Otaku USA Magazine
The Vault of Error – Sin: The Movie

Another year is over and somehow, despite my best efforts to streamline and condense my DVD collection, the anime continues to overflow my shelves, threatening to burst the hinges off the Vault of Error. 2013 is dead and gone, leaving me with little more than a vague desire to file my tax returns. The new year beckons, brimming with untapped potential. What better way to ring in the cyberpunk future year of 2014 than with a look backwards to the equally futuristic Year 2000, a time when any moderately successful video game could merit a dreadful anime spin-off replete with half-baked religious imagery, spiky mutants, recycled Foley sound effects, and a cyborg policeman dispensing his own brand of cyborg justice?

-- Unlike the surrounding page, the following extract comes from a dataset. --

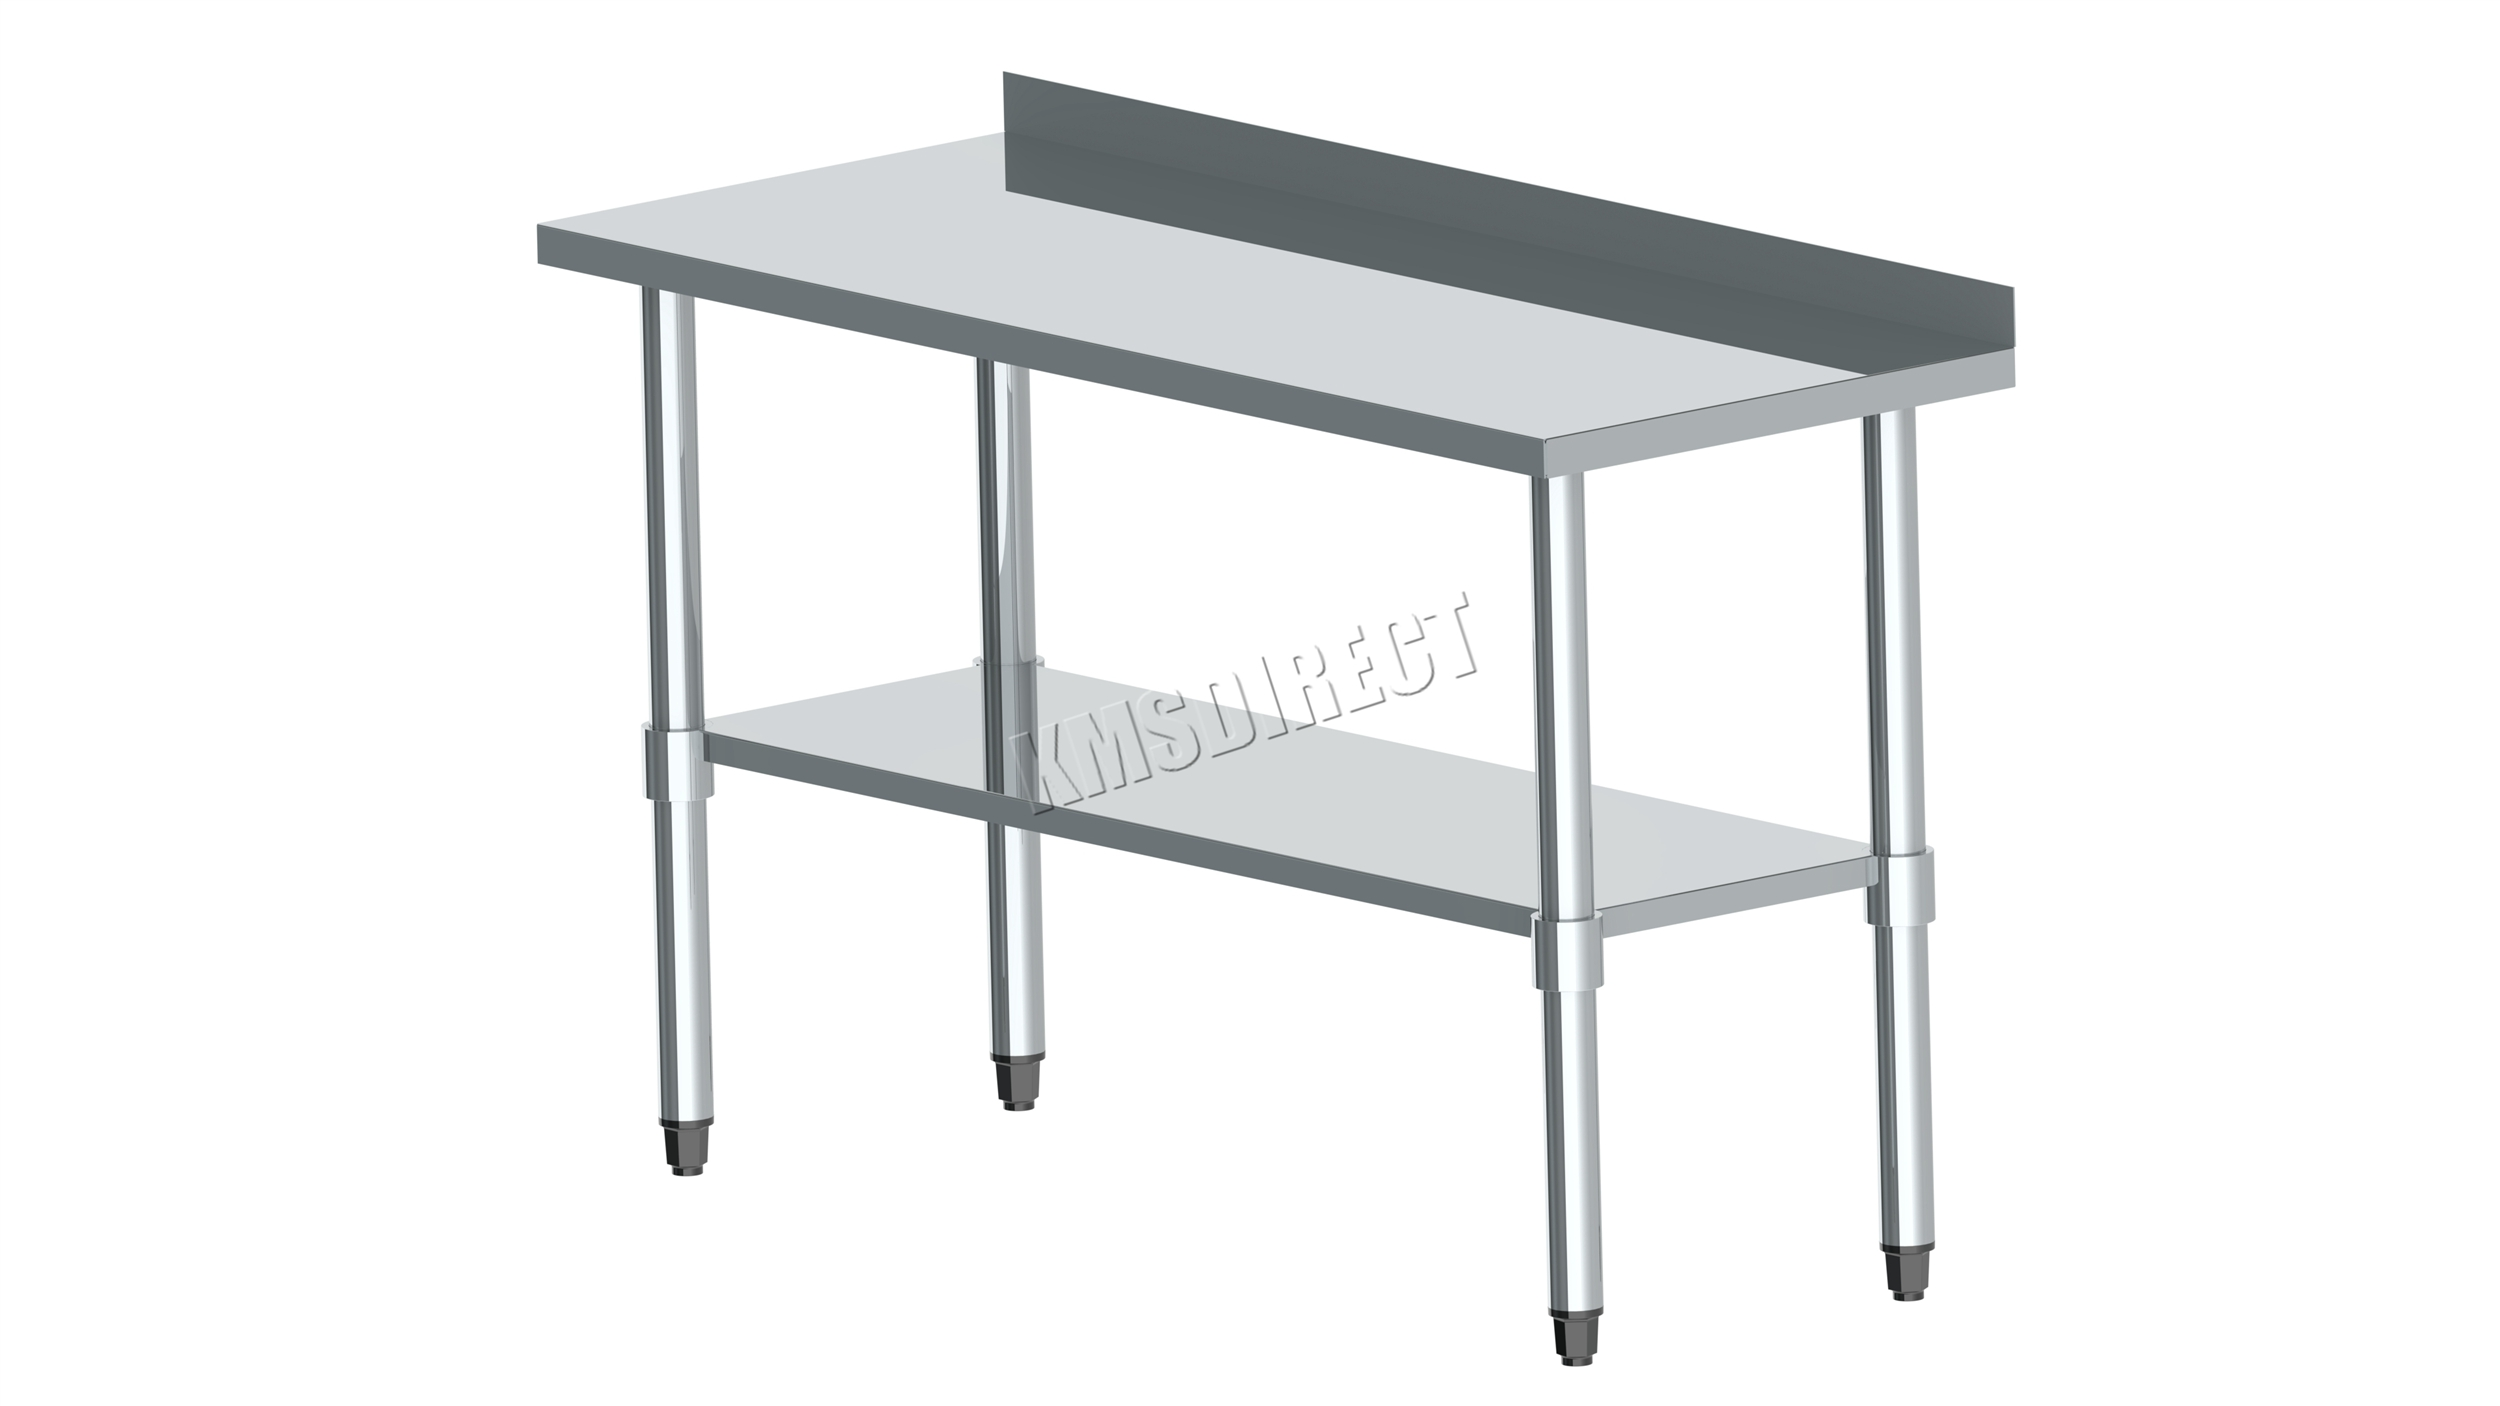 Foxhunter acero inoxidable restauraci n comercial mesa - Mesas de trabajo cocina ...

Yes, dear audience, it’s time to examine Sin: The Movie.

It’s the future. Life is hard in Freeport, or at least I assume it is, because the whole place is cribbing a Blade Runner aesthetic, and nothing says “tough future life” like lonely alleyways with venting steam grates and funeral processions in the pouring rain. Actually, I’m not even sure this city is Freeport, as they never mention it by name and despite the giant evil corporate ziggurat and the weird suspension bridge arcology, at one point I’m certain I caught a glimpse of the Statue of Liberty…

Where was I? Oh, yes, hard-edged, cyberpunk future. You know it’s cyberpunk because everybody wears dark sunglasses and scowls all the time. And the scowliest, sunglassiest cyber-policeman to ever beat the digital streets is John Blade, the captain of the elite police force known as HARDCORPS. How hardcore is HARDCORPS? They’re so hardcore that their name is a pun that’s always written in screaming capitals. It’s not even an acronym, because acronyms aren’t hardcore enough for HARDCORPS.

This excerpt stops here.